Missing the Point? Hope

Hope is one third part of faith, hope and love. Faith, hope and love are the only things that will outlast everything else.   

But, hope only exists because of what is hoped for.  It isn’t a stand-alone eternal verity. Hope believes what God has promised, especially those things promised that we live in hope for.  The apostle Paul stated that hope realised is not hope. Hope anchors us to the future God has promised, a future that is not yet.

Hope, however, seems to have been transmogrified (surprisingly/magically) into positive mental attitude (PMA).  Not a lot wrong with a positive attitude.

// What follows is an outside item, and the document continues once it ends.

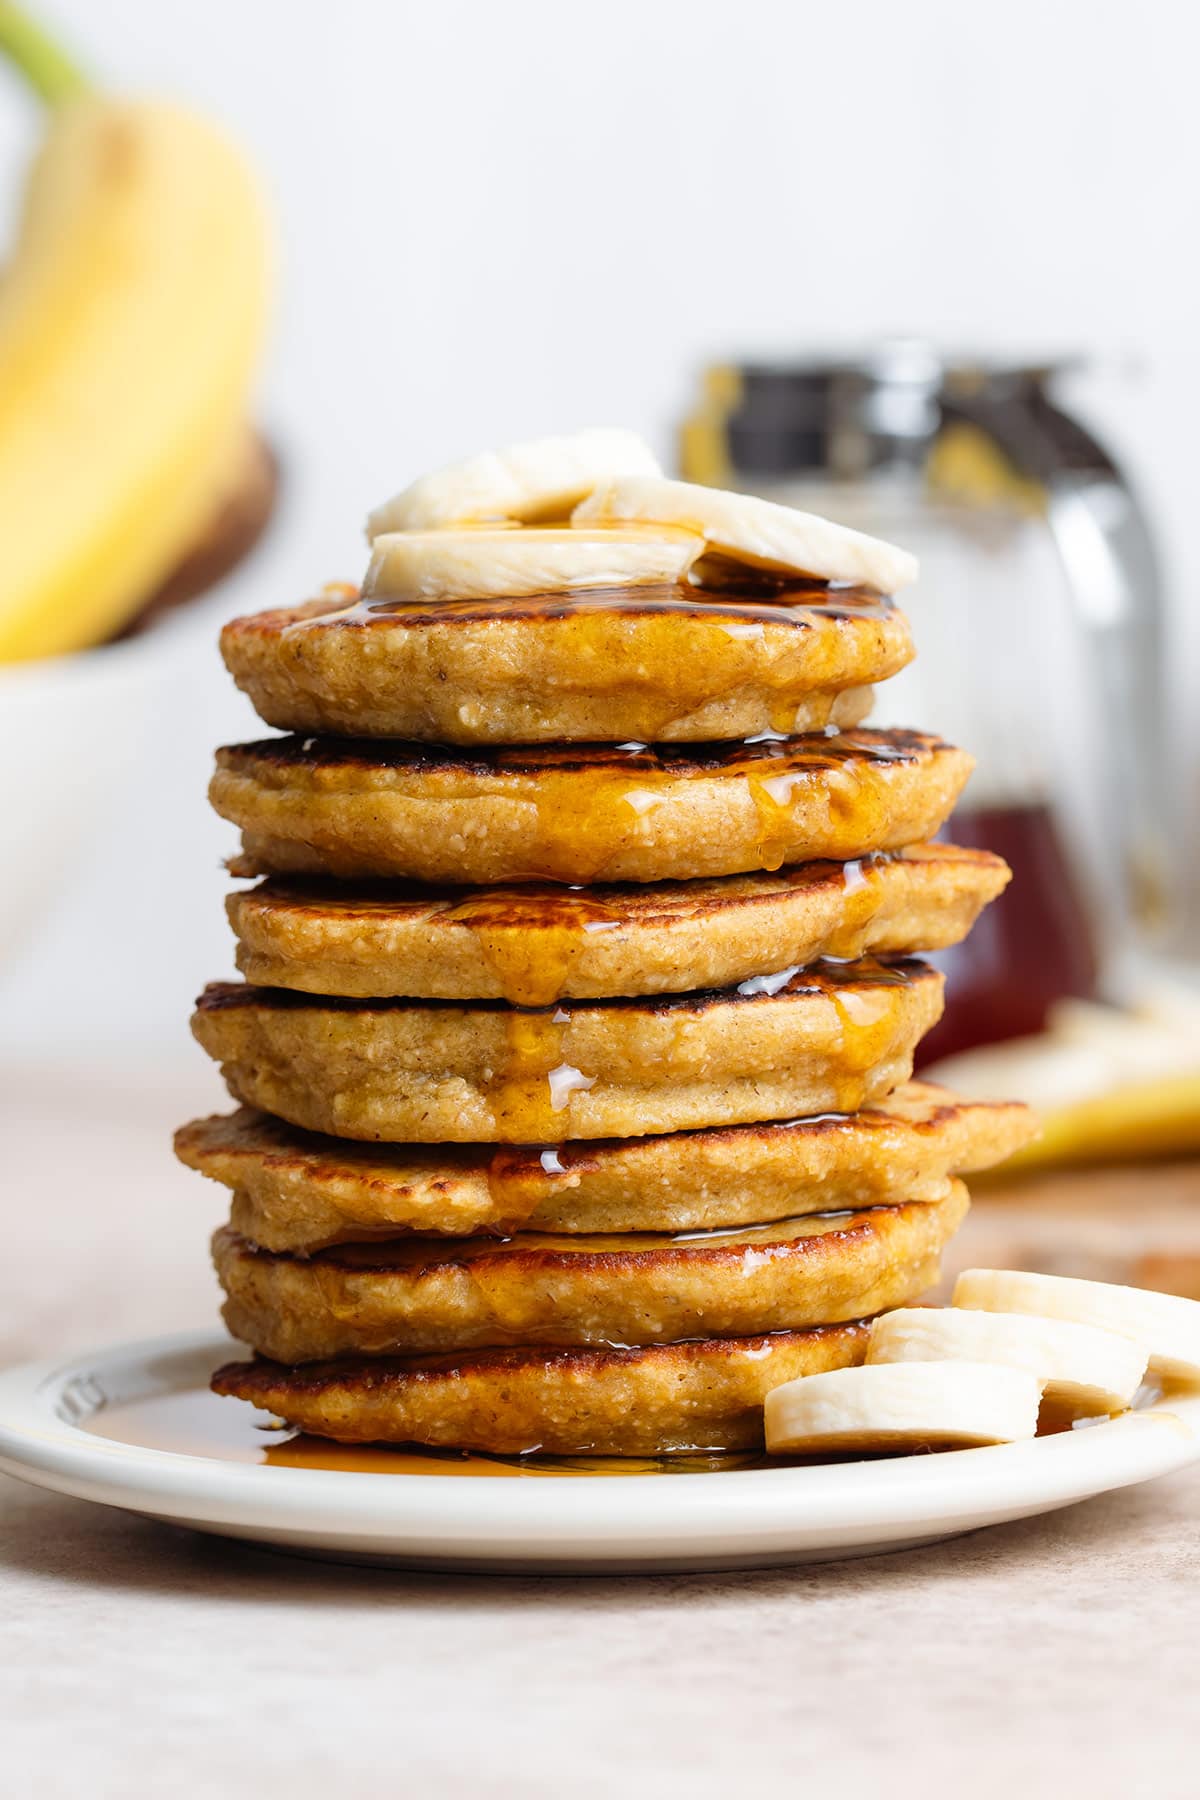 Pancake stack topped with banana slices on a small white plate with bananas and maple syrup in the background.

It is certainly better than a negative one, and a positive attitude has all sorts of personal benefits.  But to confuse biblical hope with a positive mental attitude is confusing one species for another, and the confusion is an extinction of hope.  

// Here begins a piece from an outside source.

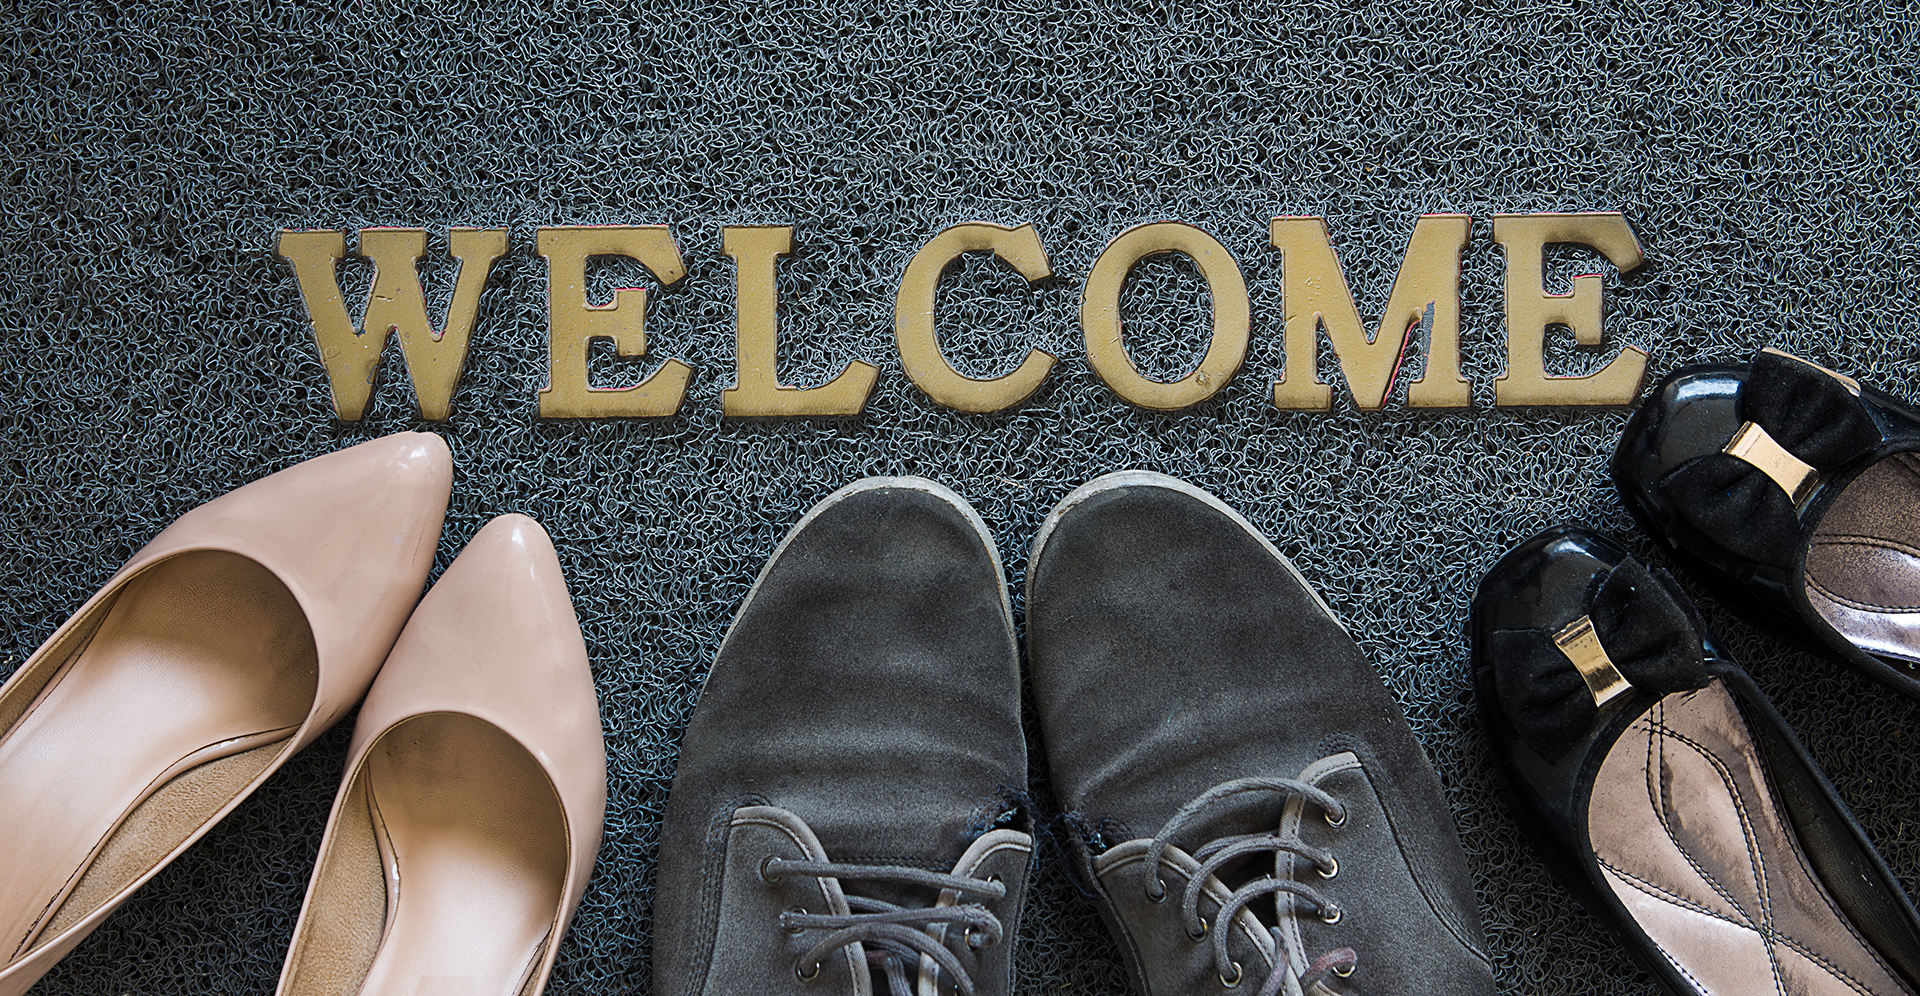 A welcome mat with three pairs of shoes pointing to the WELCOME text

  • PMA is meant to receive its inheritance now – hope later.  

  • PMA is about an anticipated better life now, primarily for me - hope is about an assured better future for us.

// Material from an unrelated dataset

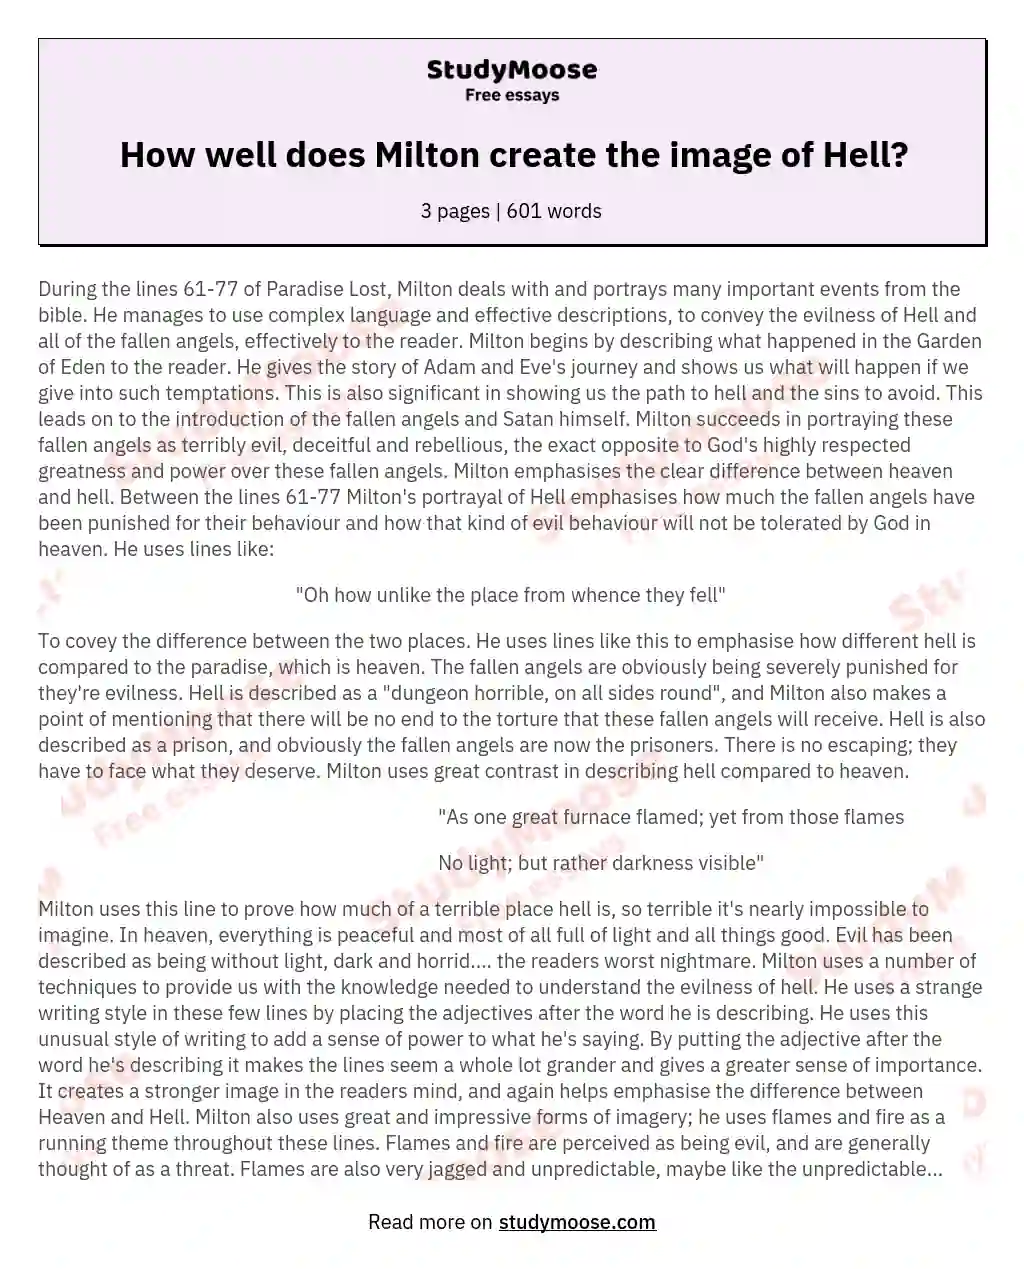 How well does Milton create the image of Hell? essay

  • PMA is blind to things that aren’t in any shape or form positive  - hope sees the future but with clear eyed realism about the present. 

Hope is much richer and premised on better things than a positive attitude can ever hope to be.  

The fatal flaw in PMA is that it is overly optimistic about humanity and our ability to offer genuine change.  It teeters towards hubris, and that doesn’t go down well with God, quite aside from being a disaster for us.  

If we trade genuine ‘long-game’ hope for a ‘short-term’ positive attitude we may be missing the point.